Archives quotidiennes : 31-octobre-2014

La moitié du monde est un œil

J’ai toujours vu des cieux dans des yeux… Parfois des enfers. C’est probablement la plus belle empreinte que nous  a laissé la Vie. Cette Vie dans laquelle on « cherche » dieu.

La plupart des enfants ont les plus beaux yeux du monde. C’est comme si la lumière, comme l’énergie, ils en avaient trop. C’est comme si en arrivant de quelque part ils ont un bagage lumineux que l’on perd en vieillissant.

C’est probablement le plus beau livre que l’on peut lire dans sa vie: l’histoire d’un moment… La petite planète-bille insérée dans son orbite.
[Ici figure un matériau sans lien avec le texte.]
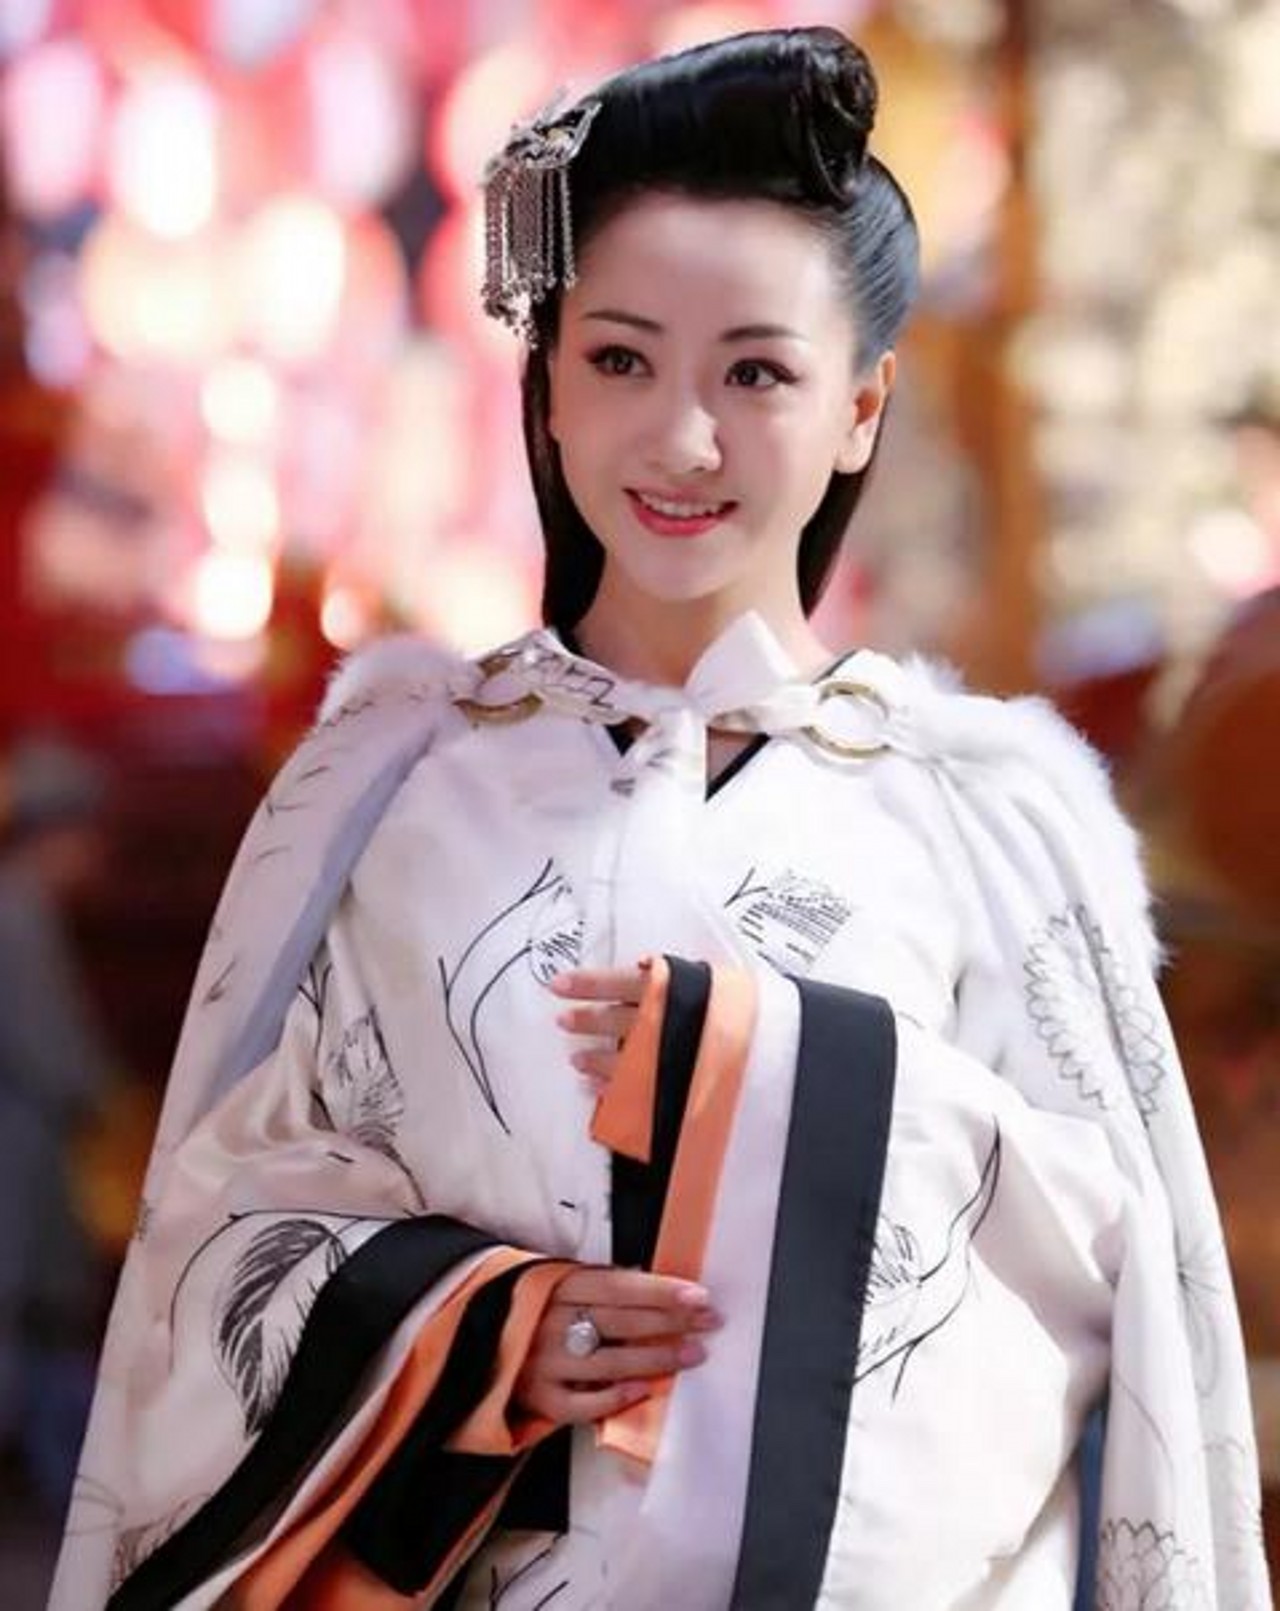 第三名杨蓉,杨蓉的这身白衣古装十分抢眼,发型也很优雅,搭配白色的

La palette irisée d’un peintre invisible parce qu’il en nous et que nous sommes des aveugles aux yeux de feu, éteints parfois par ladite culture des masses dans ces leitmotivs écrasants.

Des yeux Cendrillon

Quand ils s’endorment, ils se glissent une couverture de paupière toute légère. Ça les emmène dans des voyages fous, le cerveau part en voyage dans des rêves qui semblent désembrayés , délirants.  Au fond, ce doit être pour suppléer à ce cartésianisme quotidien, sorte de Sibérie de vie pour ceux-là qui ne sont pas fait pour l’engelure des quotidiens, mais bien simplement pour l’amour.

La poésie est une façon de rêver éveillé, de retracer, de sculpter la richesse et la créativité. C’est faire divaguer la beauté du monde pour remettre à l’endroit cette rectitude esclavagiste.

Le dortoir 

C’est bête à dire et à creuser: trop de ce régime soumis et cultivé au « bonheur » de l’avoir, à cette ère qui n’a qu’un seul mot pour vous rendre heureux – économie-, la vie devient un dortoir dans lequel la moitié du monde dort debout, ou ne sait plus rêver.

À voir la richesse de la Vie, des êtres, des océans, de l’immensitude de l’Univers, nous sommes maintenant amputés d’un côté, monovisionnaires, hachés du cerveau, et désâmés. 

C’est comme si nous étions dans un déluge quotidien de soucis cultivés quand tout va bien. L’occidental est soumis à toutes les pilules du »monde » pour se guérir de son anxiété de vivre ajoutée à celle de son destin fragile de naître sans vouloir mourir.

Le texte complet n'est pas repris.